While Kenya has recently issued an arrest warrant for Sudan’s President Omar al-Bashir, it is hardly reason for optimism that it will actually be carried out. This serves as a further reminder that international law, in its current state, is impotent to truly bring justice.
Wanted on the charges of crimes against humanity and possible genocide in Darfur, the International Criminal Court (ICC) issued an arrest warrant for Bashir. Discontent with the ruling, the African Union (AU) urged its members not to act on the warrant, arguing that the court was unjustly targeting African nations. As such, numerous ICC member states blatantly refused to arrest the Sudanese president on trips he made to their countries.
Further illustrating the systematic impotence of international law, the warrant is really only applicable if Bashir travels to ICC member states. As such, he has been careful not to make any official trips to member states declaring an intention to carry out the warrant. He has even canceled planned trips if this revelation came to light after official trips had been announced.
Kenya, in defiance of the ICC, refused to arrest Bashir on his recent trip to the country. In the wake of his visit, the supreme court of Kenya reneged the agreement with the AU and issued their own arrest warrant for the African leader. Angered by the decision, Bashir has recalled his ambassador to Kenya and expelled Kenya’s ambassador in Khartoum.
This is only heightening already existent tensions between the two nations. Since South Sudan’s independence, Kenya has supported the development of South Sudan’s economy and trading partners, helping South Sudan to bring oil to port in Kenya, bypassing Port Sudan (in Sudan), their traditional export location. This has served to further diminish Sudan’s income since the independence of South Sudan in July and exacerbated by a lengthy stalemate on export terms.
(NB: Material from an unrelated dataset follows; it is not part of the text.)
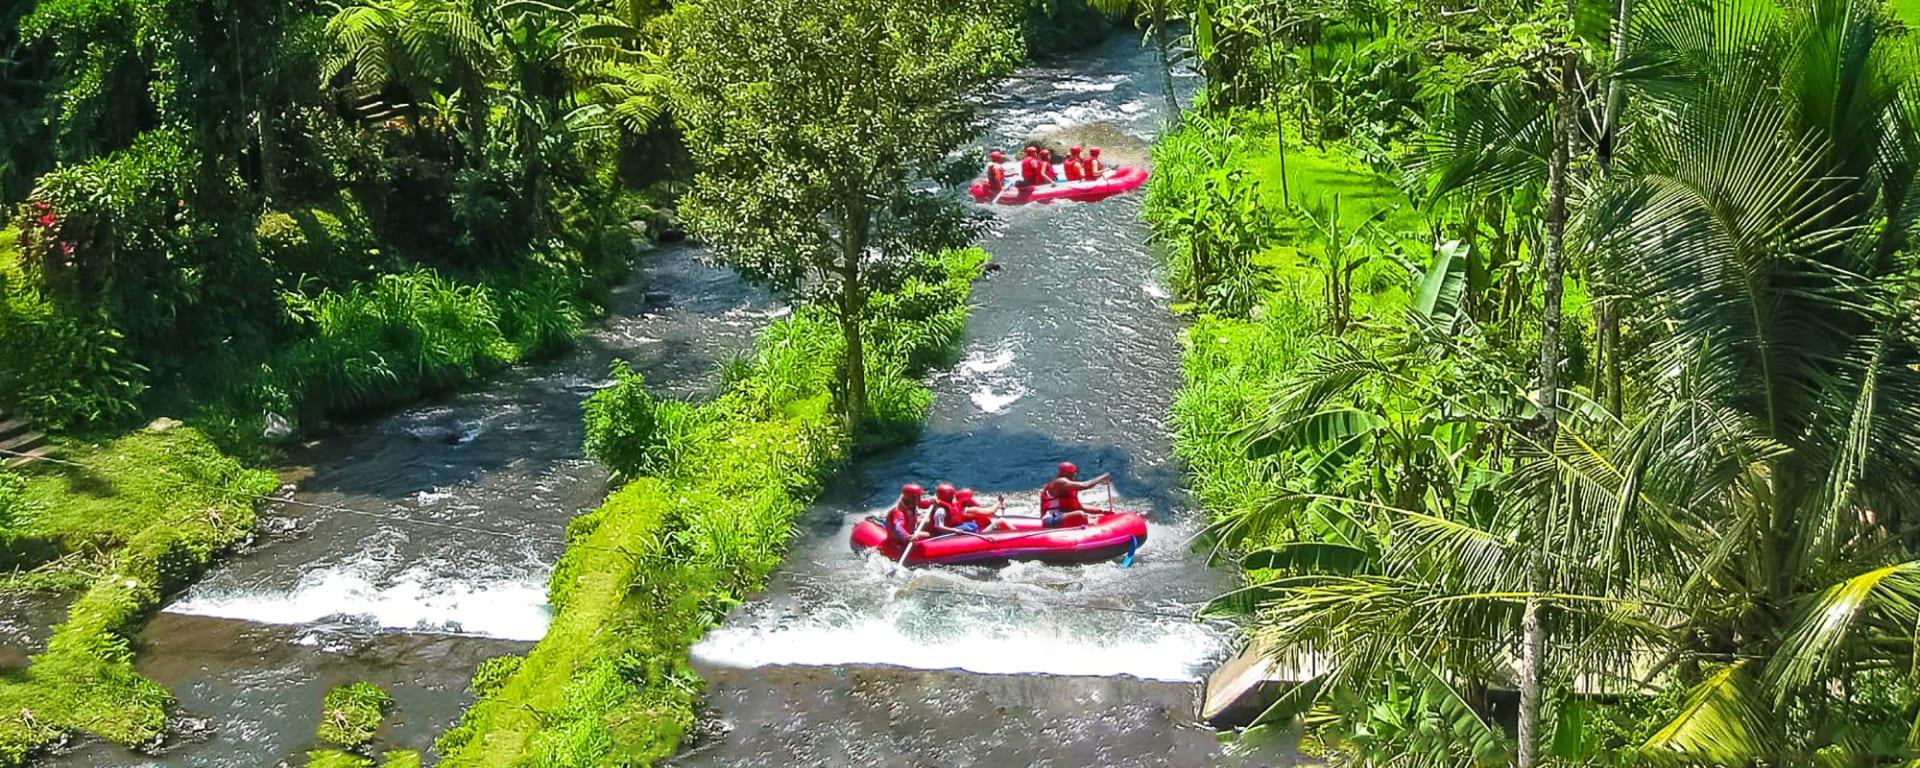 Bali aktiv erleben ab Südbali: Bali - Rafting in the canyon
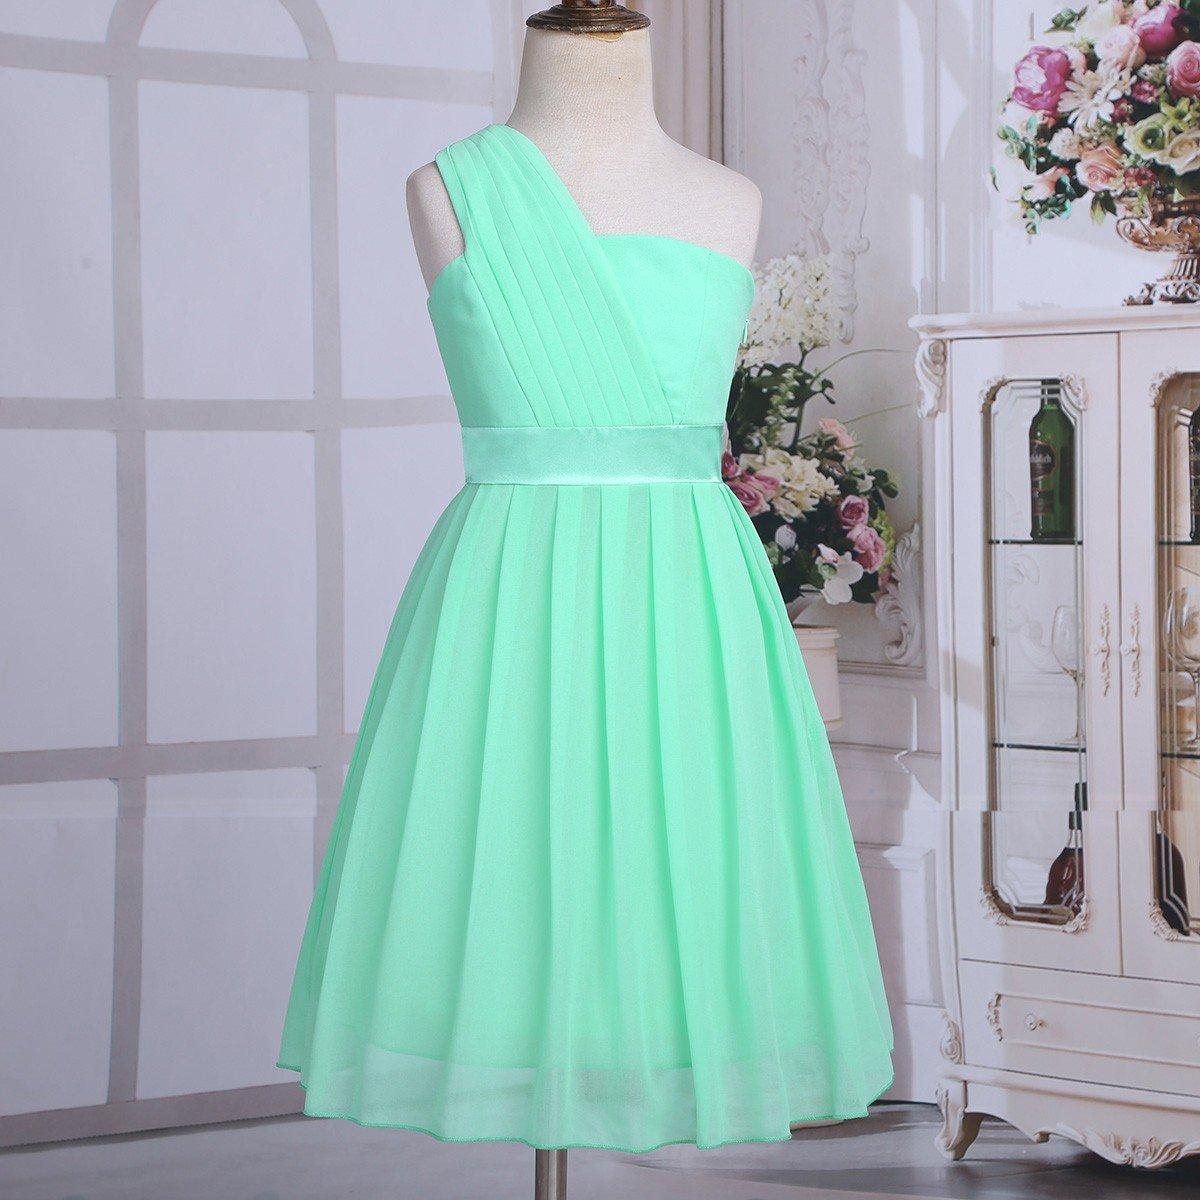 YiZYiF Flower Girls Dress Pleated Chiffon One Shoulder Wedding Bridesmaid Dance Prom Party Dresses

If international institutions, and their member states, are serious about the duties and goals they are tasked with, then serious reform is needed to allow them to be effective in their mandates. Enforcing sanctions or other penalties for member states who fail to adhere to institution decisions will not only prove that agencies such as the ICC are serious about their missions but will help to ensure compliance by member states.